Had I known it was the last time I’d be sleeping in a bed for the next 10 weeks, I would have enjoyed the moment more. I found myself at 5 a.m. wide awake staring at the ceiling in my small hotel room in Amami City. It still hadn’t hit me how much different Amami is than the Japanese mainland.
Still in a bit of a daze I soon stumbled upon a Lawson’s convenience store where I bought a can of hot coffee and an onigiri. An onigiri is a rice ball wrapped in “nori” seaweed (the kind used for sushi rolls) and stuffed with salmon, pickled plum, pickles, all kinds of things. Parents make them for their children’s lunch, but they’re also a super convenient calorie boost available at every convenience store. Lawson’s is an old American convenience store that has long since left the US, but is everywhere in Japan.
The cashier paused, stared at me for a few seconds, then quickly looked away. I could tell she was surprised to see a tall white man clearly out of place. For perspective, I’m 6’1” and weigh over 210 lbs. I’m a big guy in the US. I’m huge in Japan. Very slowly she asked me in Japanese what I was doing in Amami? I said in my best Japanese, I was studying how to make kokuto shochu at Nishihira Shuzo. “Shochu, you’re making shochu!?”, she replied, then smiled and wished me luck. As I left the store, the customer behind me quickly paid for her groceries and chased me outside. She handed me a chocolate heart. She said in broken English, “You look like Leonardo Dicaprio.” I sometimes get Woody Harrelson, Jason Segel, or Falkor the Luck Dragon, but Leonardo Dicaprio was a first. I blushed, thanked her for the compliment, told her she was very kind, and that Leo is far better looking than me.
At noon, Tomoko arrived at the hotel for our first meeting in person. She greeted me warmly before driving us to lunch.
I don’t think I’ll ever get used to driving on the left side of the road. All of your instincts are backwards. You have to turn your brain off and pray that all of the other drivers stay on the left too. It’s irrational, but a lifetime of driving on the right doesn’t disappear easily.
Tomoko lived in New York City for 19 years and understands the small differences between American and Japanese business cultures. As we dined at a coffee shop that served savory Amami style fried chicken, Tomoko gave me a quick run-down on what to expect and the best ways to present myself. 1) don’t talk politics 2) be humble 3) always smile 4), and be kind. Pretty great advice for life in general. After lunch, I checked in at Sumi Ryokan, the Japanese style inn I would be staying for 2 months.

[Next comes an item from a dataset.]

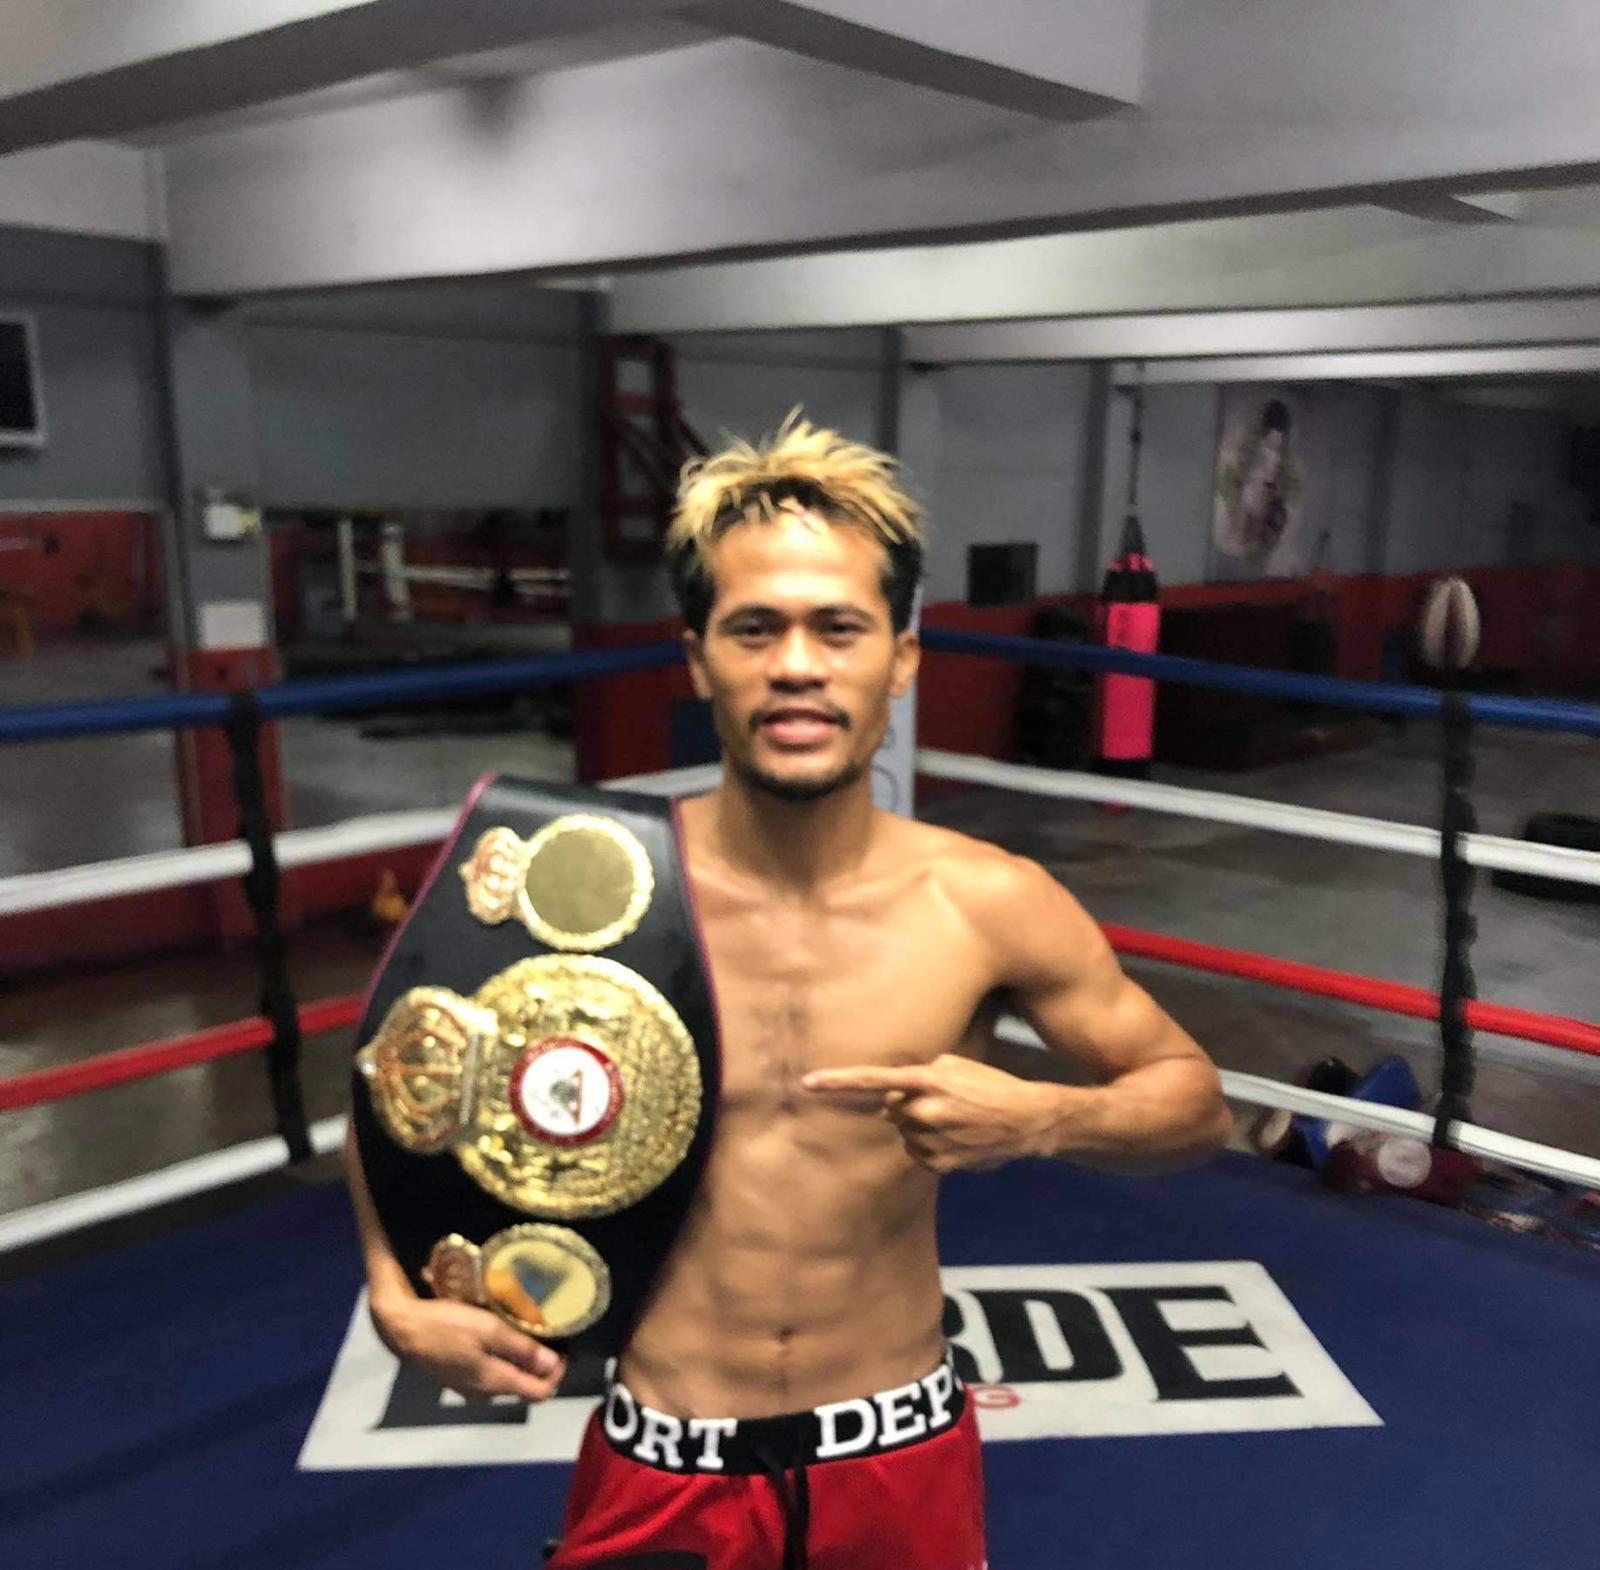 Saludar defeated Paradero to become the new WBA Interim Champion

Two days later, Tomoko and I made our first trip to Nishihira Shuzo, which is owned and operated by the Nishihira family and has been producing kokuto shochu for over 90 years. Isao Nishihara and his wife Kinuko have been at the helm for the past 30 years. Their daughter, Serena, is the shochu toji (master distiller) and who I would be spending most of my time working with. They were very happy for me to be there and invited us to the back office to have coffee and tea. Tomoko, being fluent in Japanese and English, translated. They thanked me for traveling all the way to Amami and interning with their company. I thanked them for giving me this incredible opportunity. We discussed our goals and what would be expected of me. Serena, full of smiles, said she was excited to teach me and to learn more about shochu production together. Isao disappeared behind his desk and soon Chick Corea played lightly in the background. We talked for nearly an hour about family, music, my life in the Navy, how the company started, Serena’s music goals, and how I discovered shochu. However, shochu was almost an afterthought. The family wanted to know who I was and what fate led me to their couch, on a small island, in the middle of the Pacific Ocean. It hadn’t dawned on me before that moment that Stephen Lyman and I are possibly the only Americans to have interned for an extended stay at a shochu company. I left the first meeting feeling embraced. All the hidden worries we both shared about the internship were quickly washed away. They gave me the week off to get adjusted to the island and invited me to a welcome party that weekend in my honor.
The whole shochu crew showed up for the celebration and welcomed me to the company with open arms and lots of shochu. We ate yakitori, sushi, and I tried squid ink soup for the first time. After dinner, we headed off to Mayasco, a live music bar. At the bar, Serena jumped on the drums, Gupe (one of the staff) grabbed the bass guitar, I sat down at the piano, and Isao-san picked up the microphone. We played “House of the Rising Sun”, “Sukiyaki”, and “Your Song”. Earlier in the night Isao-san told me he had sung Billy Joel’s “Just the Way You Are” to Kinuko-san on their wedding day. For the last song, I played the opening riff to “Just the Way You Are”, Serena set down a nice groove, Gupe followed the changes, and Isao-san sang his heart out to his wife. At that moment we all felt like children, bonded through shochu and the unexplainable power of music. We were no longer lost in translation, but friends listening to rhythms and chords change. Singing melody lines while Isao-san expressed his love for his wife.